The Taj Mahal is deservedly India’s principal visitor attraction, but hardly any of the millions who pour through its gates each day explore the city nearby. Yet Agra, the former capital of Mughal India, is rich in forgotten monuments and traditional bazaars dating from in the 16th and 17th centuries.
Agra’s beautiful Jama Masjid mosque stands amid a chaos of railway lines, overbridges and ramshackle markets in the heart of the old city. Foreign visitors are a rarity, yet the building numbers among the most elegant and exotic in the country. It was commissioned by the rich and talented daughter of Mughal Emperor Shah Jehan, Jahanara Begum. After the death of her mother (Mumtaz, now interred in the Taj), Jahanara took on the role of First Lady, amassing a fortune from trade and land holdings, which she lavished on several extraordinary religious complexes such as this. The mosque’s exterior surfaces are rich in detail, with complex calligraphy and geometric designs of marble-inlaid sandstone.
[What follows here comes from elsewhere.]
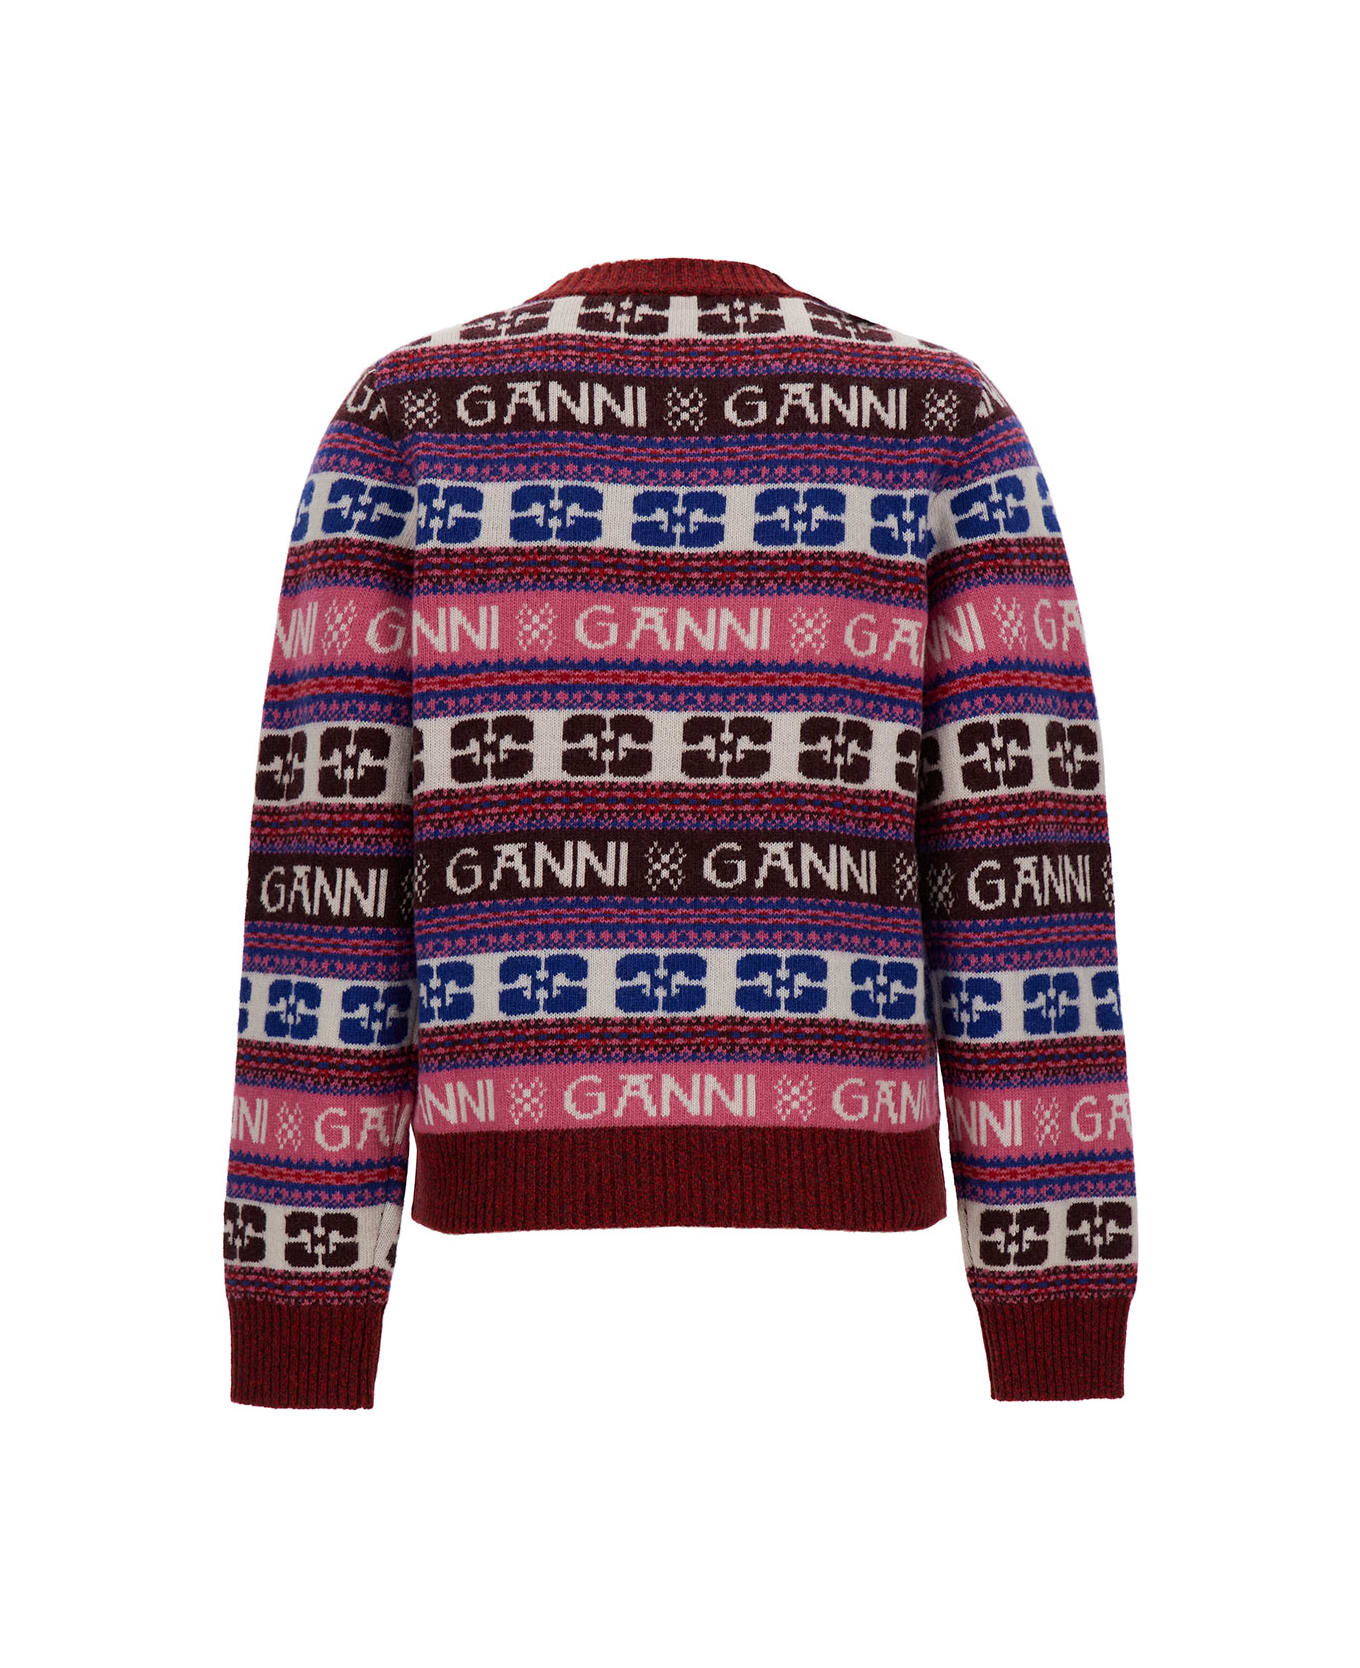 Ganni Multicolor Wool Knitwear - Multicolor

More splendid still is the tomb of Mughal Emperor Akbar, on the northern outskirts of the city at Sikandra. Enclosed inside 119 hectares of leafy, green, walled parkland is a four-tiered pyramid built of red sandstone and white marble inlay. The standout features here, though, are the main gateway, with its four white marble minarets, and the Persian-style decoration adorning the ceilings of the main tomb’s entrance halls. Outside, langur monkeys and black-buck antelope roam wild in the gardens – like scenes from a Mughal miniature painting.